The answer must be the full listing, word for word, with no pictures in it.

> _Source material_:
-*-

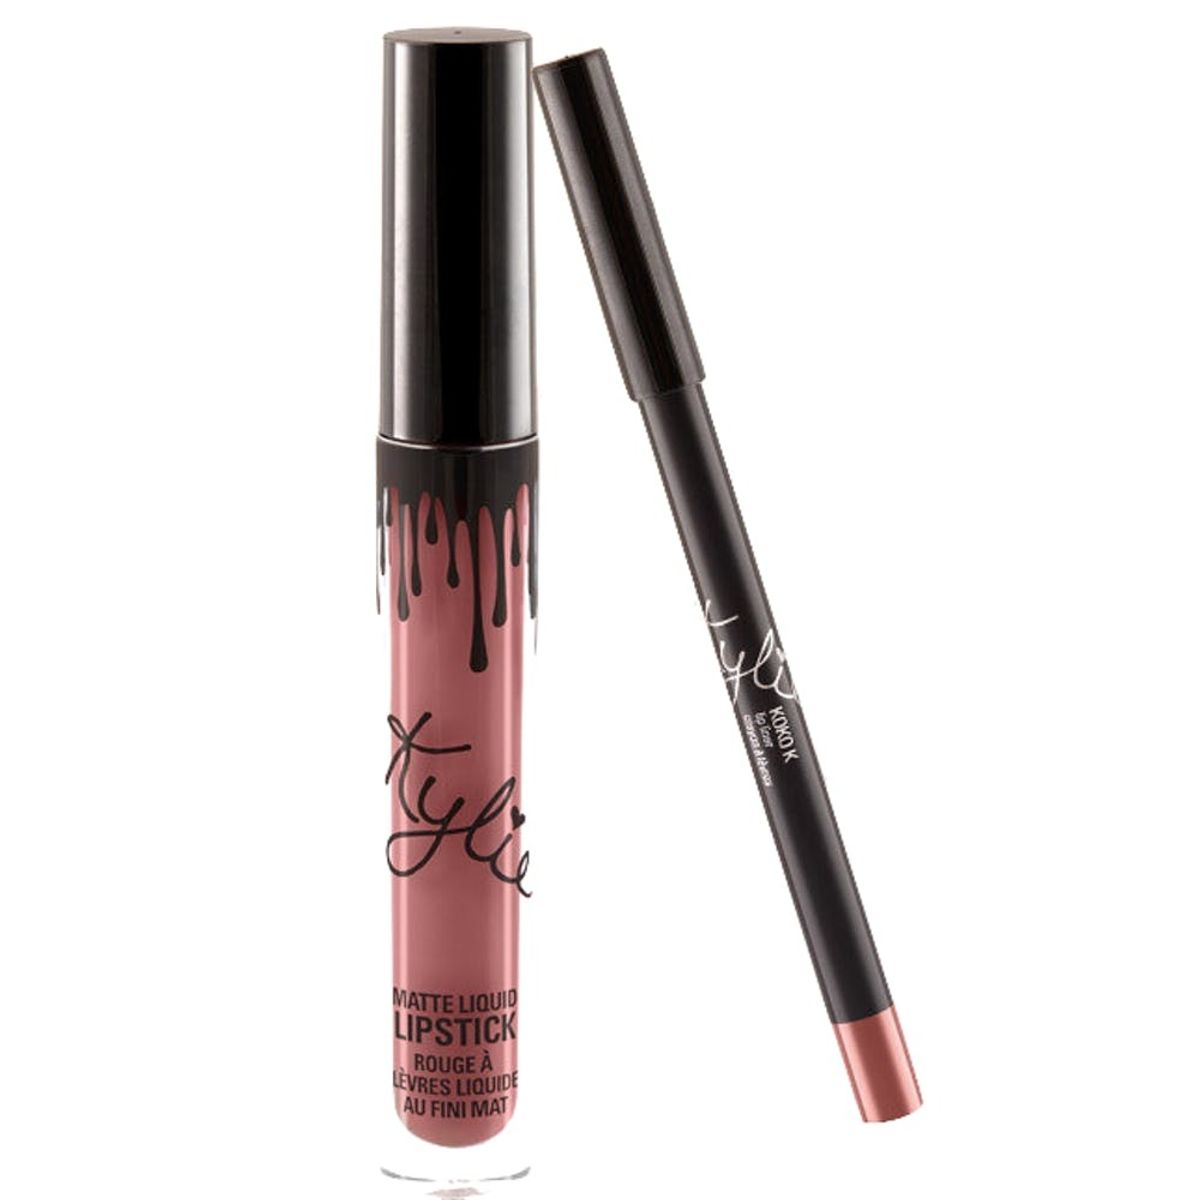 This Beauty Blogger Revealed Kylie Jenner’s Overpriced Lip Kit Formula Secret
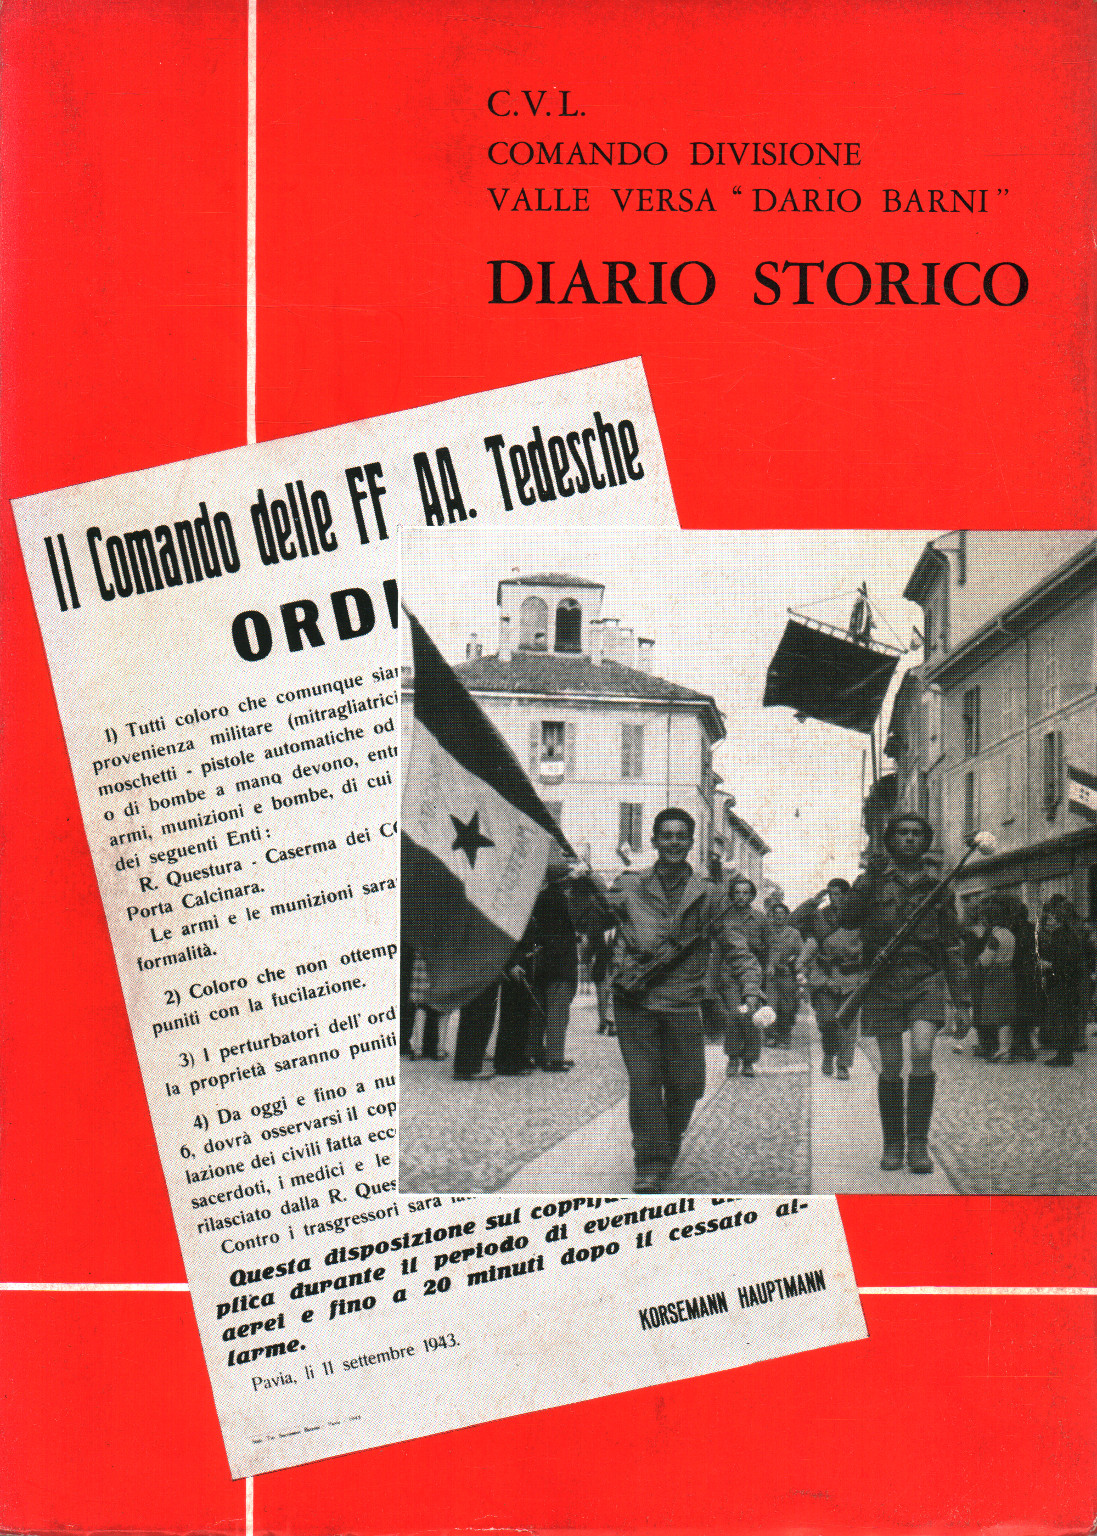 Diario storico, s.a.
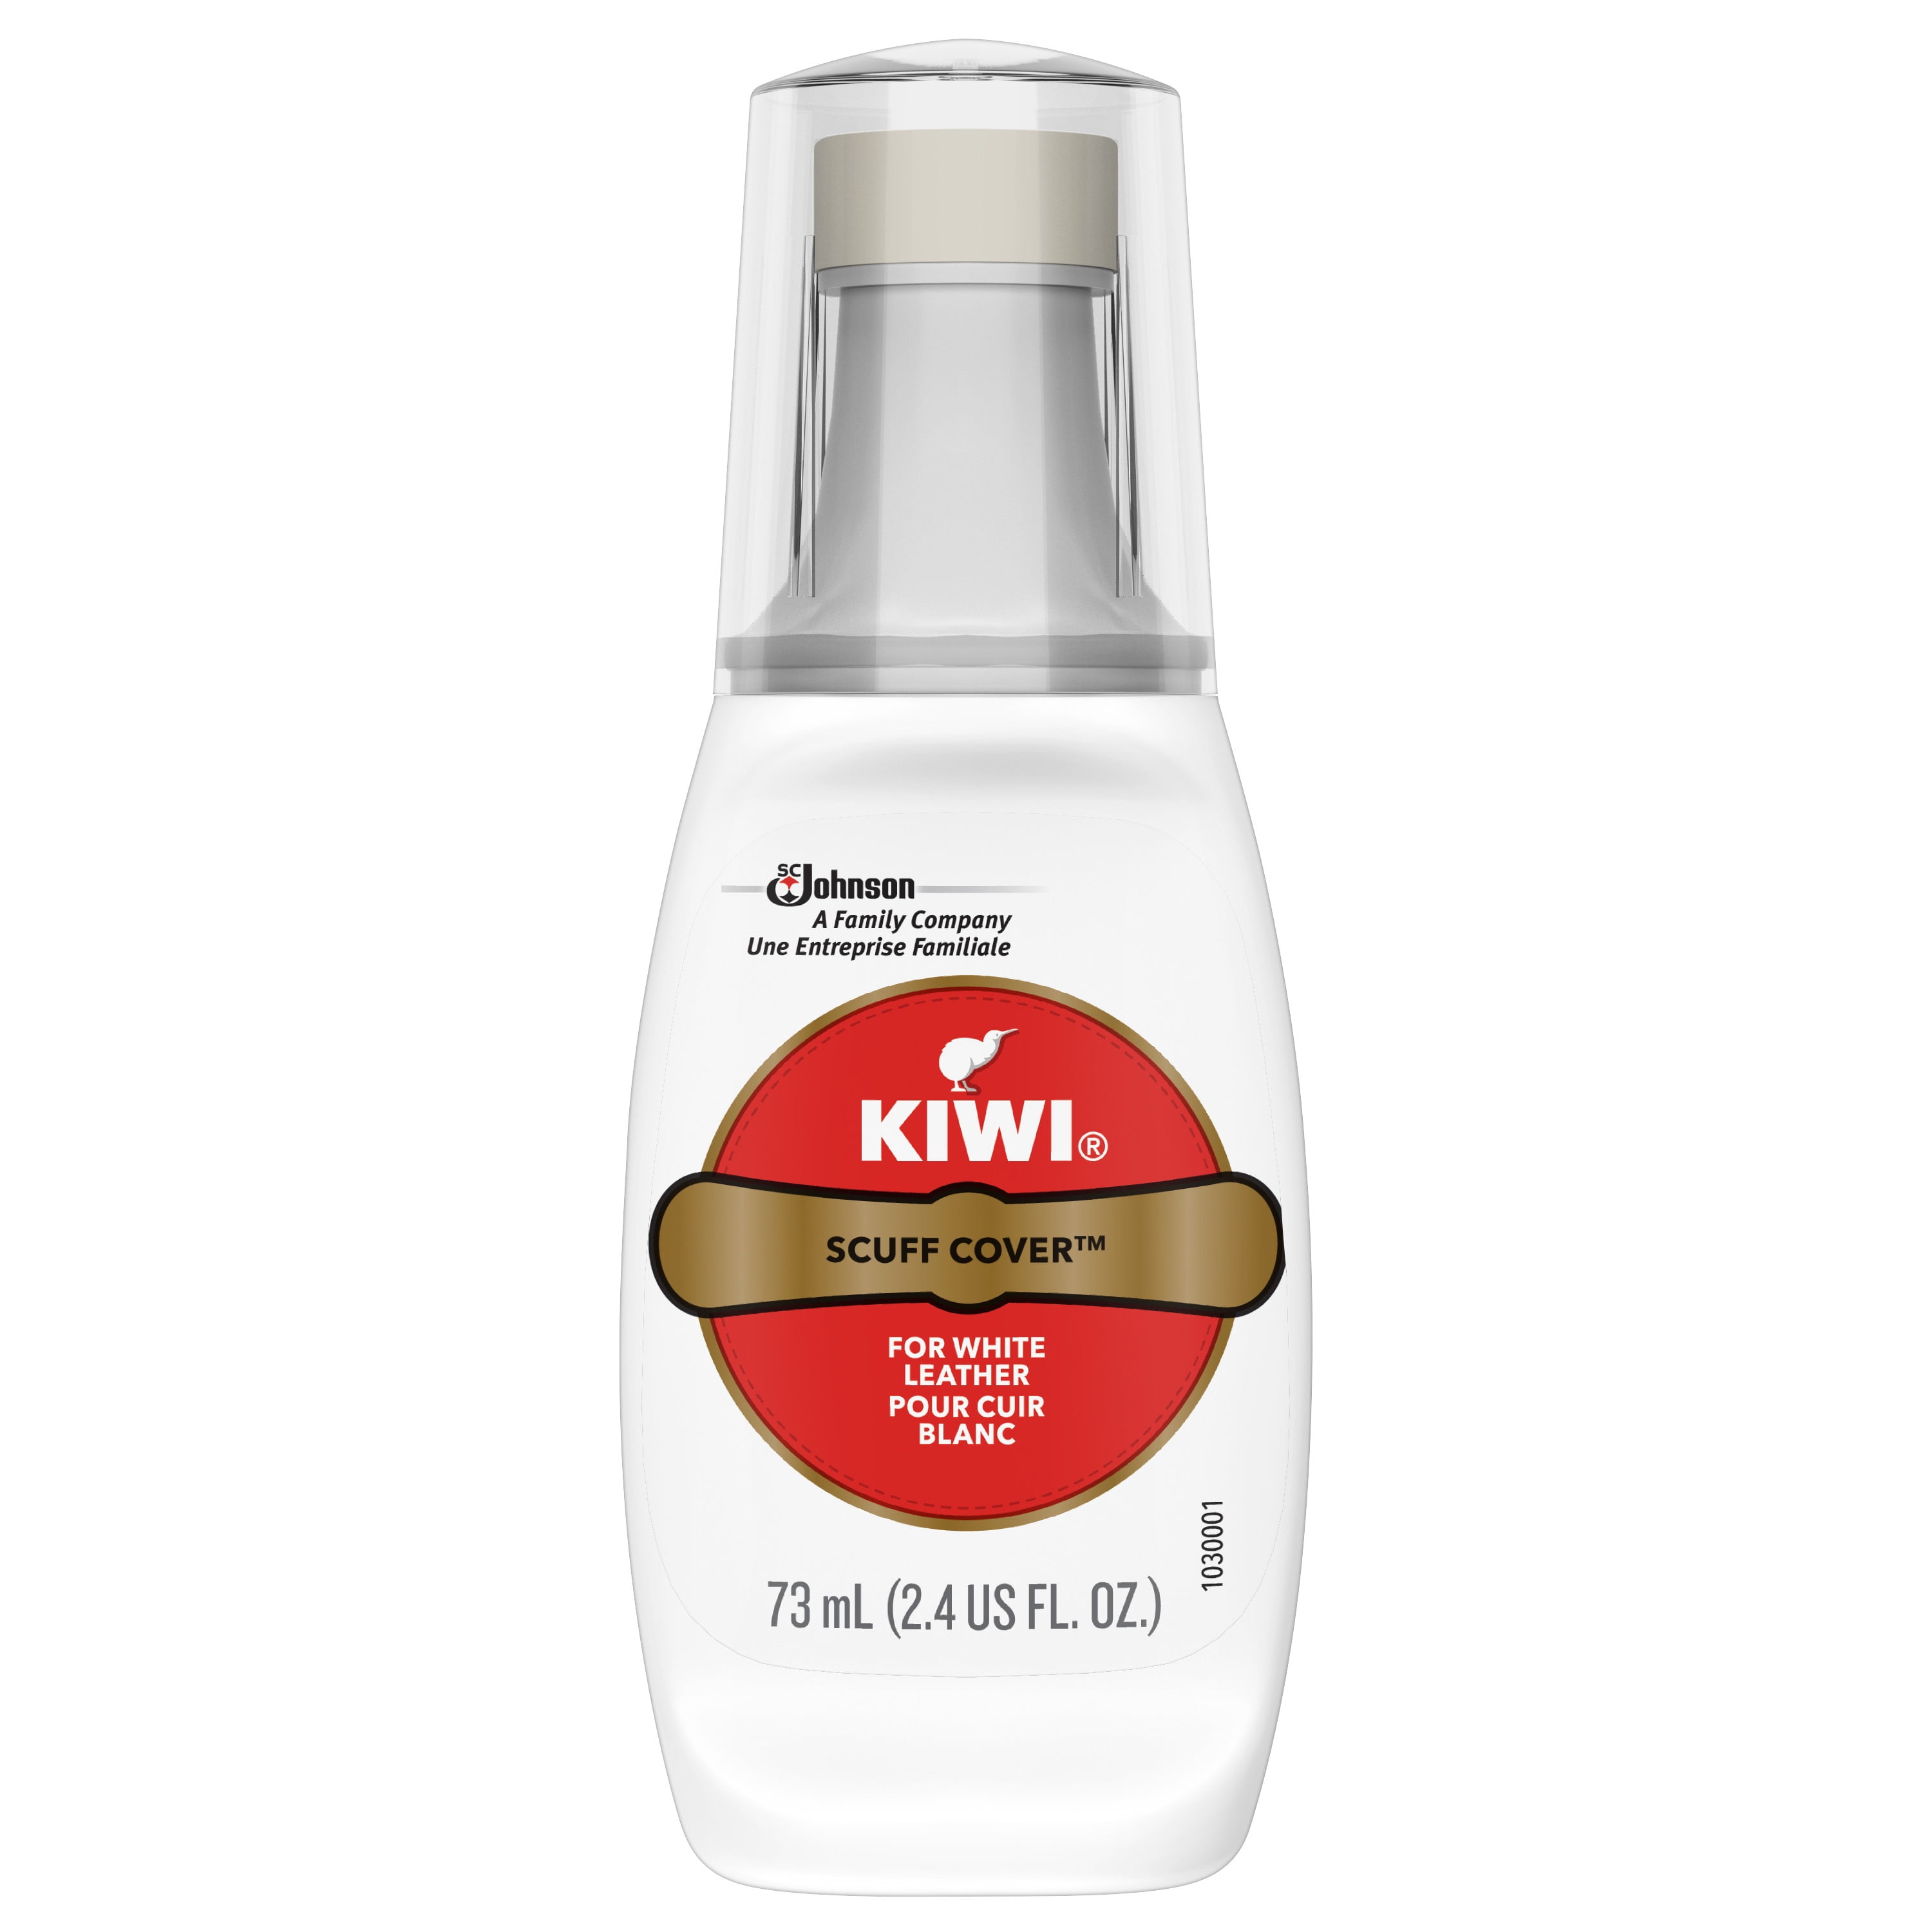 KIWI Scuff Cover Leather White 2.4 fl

-*-

> _Answer box_:
 This Beauty Blogger Revealed Kylie Jenner’s Overpriced Lip Kit Formula Secret
 Diario storico, s.a.
 KIWI Scuff Cover Leather White 2.4 fl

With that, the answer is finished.